Today, AMD, along with its global ecosystem of server customers and partners, launched the EPYC 7000 series of high-performance datacenter processors. With up to 32 high-performance "Zen" cores and an unparalleled feature set, the record-setting AMD EPYC design delivers greater performance across a full range of integer, floating point, memory bandwidth, and I/O benchmarks and workloads.



 

 


*EPYC Product Overview*

A highly scalable System on Chip (SoC) design ranging from 8-core to 32-core, supporting two high-performance threads per core. 
Industry-leading memory bandwidth across the line-up, with 8 channels of memory on every EPYC device. In a two-socket server, support for up to 32 DIMMS of DDR4 on 16 memory channels, delivering up to 4 terabytes of total memory capacity.
Unprecedented support for integrated, high-speed I/O with 128 lanes of PCIe 3 on every product.
 A highly-optimized cache structure for high-performance, energy efficient compute.
AMD Infinity Fabric coherent interconnect linking EPYC CPUs in a two-socket system
Dedicated security hardware

Please visit the AMD EPYC landing page for more details.

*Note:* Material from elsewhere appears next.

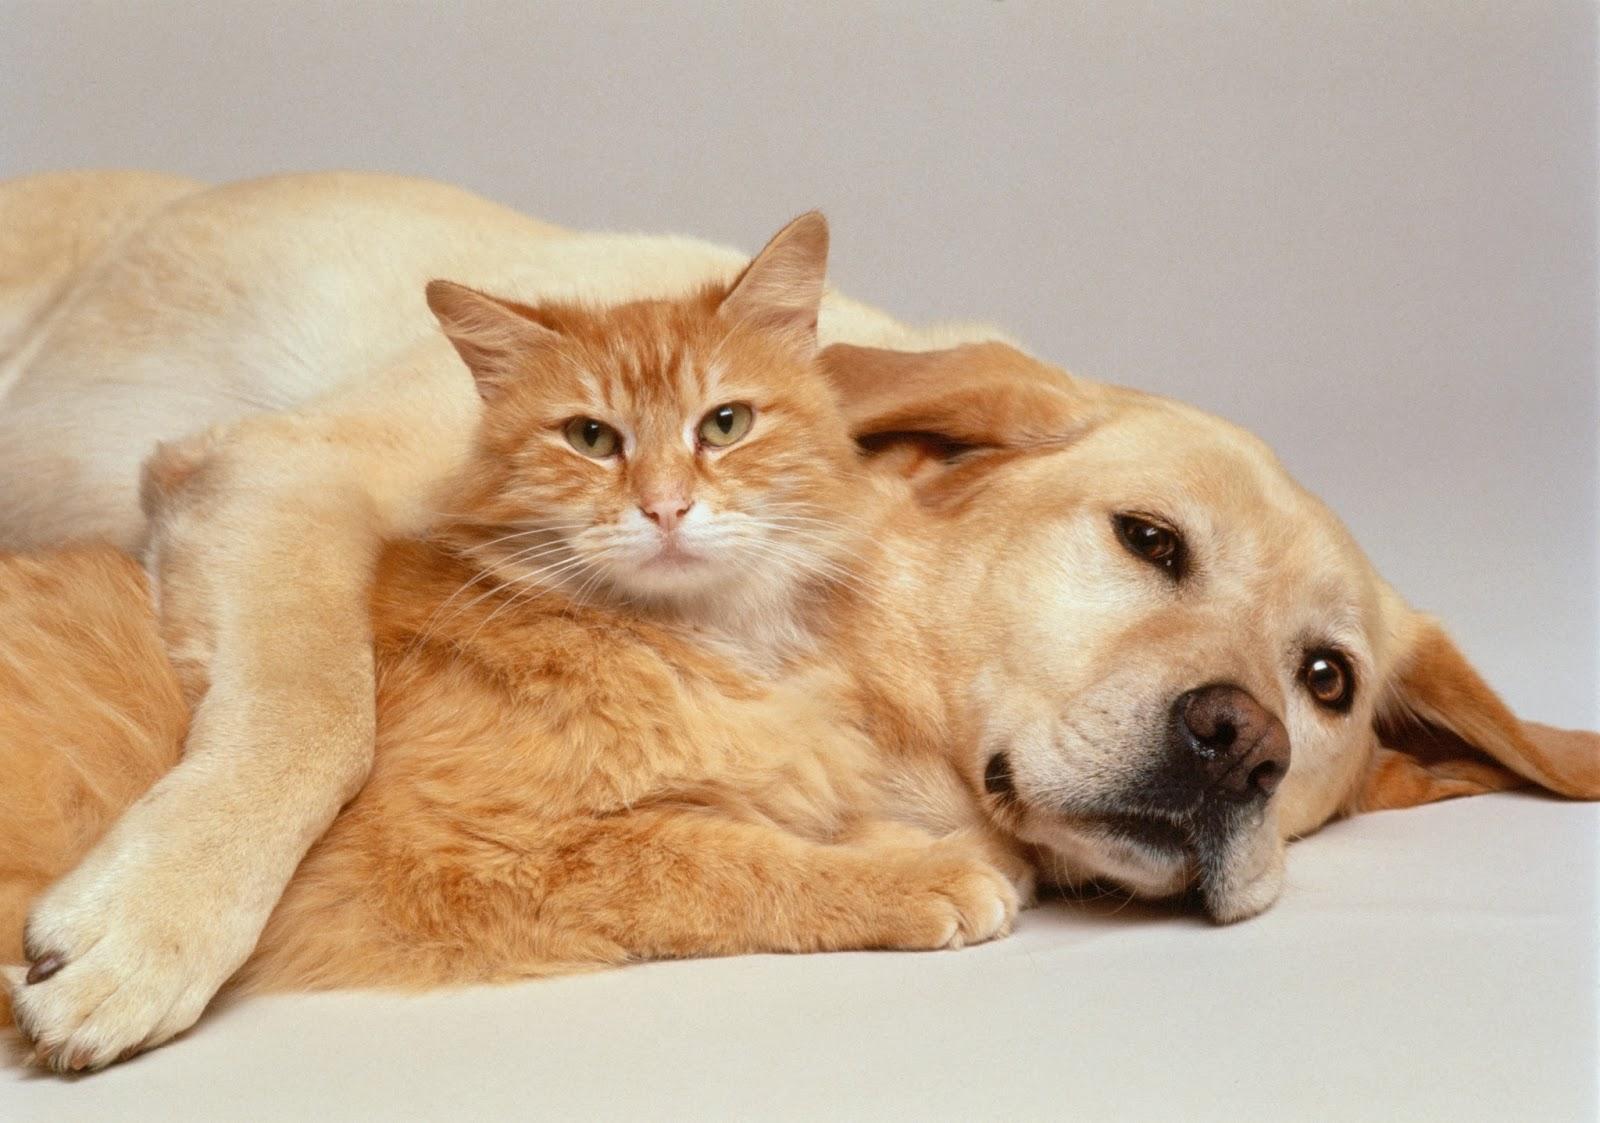 Cute Cat With Cute Dog Wallpaper for Desktop 1600x1123

*View at TechPowerUp Main Site*


----------



## Thimblewad (Jun 20, 2017)

I'm never gonna buy this, but this hype. Cool.


----------



## RejZoR (Jun 20, 2017)

It's really charming to see AMD just throwing punches like there is no tomorrow. If they could only do the same for GPU's. That would be sweet for everyone. For AMD and us, the consumers. But doing great on CPU segment is also nice start I think.


----------



## Thimblewad (Jun 20, 2017)

RejZoR said:


> It's really charming to see AMD just throwing punches like there is no tomorrow. If they could only do the same for GPU's. That would be sweet for everyone. For AMD and us, the consumers. But doing great on CPU segment is also nice start I think.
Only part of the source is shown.